Reputation: 3696
I am using Spark 1.4.0 on my local system. Whenever I create an RDD and call collect on it through Scala shell of Spark, it works fine. But when I create a standalone application and call 'collect' action on the RDD, I don't see the result , despite the Spark messages during the run say that certain number of bytes have been set to driver:-
INFO Executor: Finished task 0.0 in stage 0.0 (TID 0). 1991 bytes result sent to driver
INFO Executor: Finished task 1.0 in stage 0.0 (TID 1). 1948 bytes result sent to driver
This is the code:-
object Test
{ def main(args:Array[String])
{
val conf = new SparkConf()
val sc = new SparkContext(conf)
val rdd1 = sc.textFile("input.txt")
val rdd2 = rdd1.map(_.split(",")).map(x=>( (x(0),x(1)) ))
rdd2.collect
}
}
If I change the last statement to the following, it does display the result:-
rdd2.collect.foreach(println)
So the question is, why only calling 'collect' does not print anything?
Upvotes: 1
Views: 1226
Reputation: 67075
collect
by itself on a console app would not display anything as all it does is return the data. You have to do something to display it, as you are doing with the foreach(println)

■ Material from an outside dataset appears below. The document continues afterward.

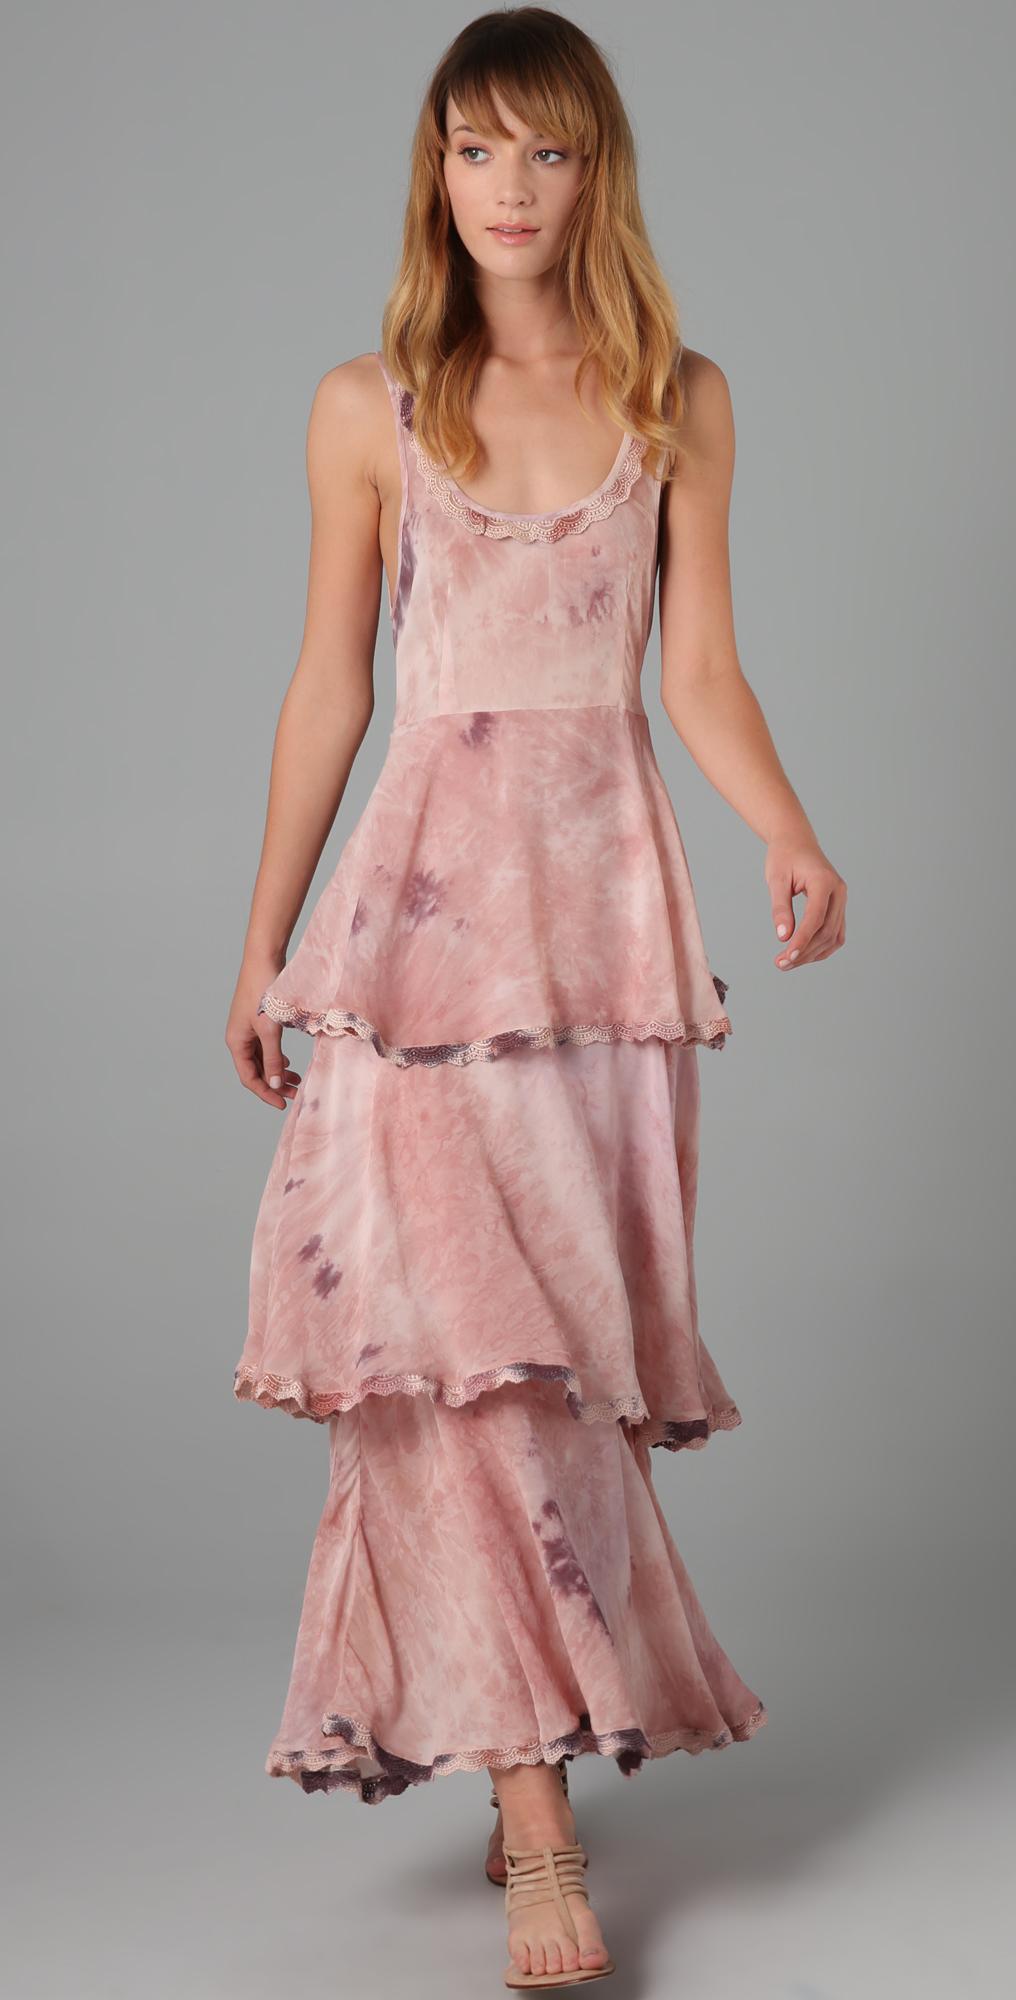 Free People New Romantics Tiered Dress | SHOPBOP

. Or, do something with it in general, like saving it to disk.
Now, if you were to run that code in the spark-shell
(minus SparkContext
creation), then you would indeed see output* as the shell always calls the toString
of the objects that are returned.
*Noting that toString
is not the same as foreach(println)
since the shell would truncate at some point
Upvotes: 2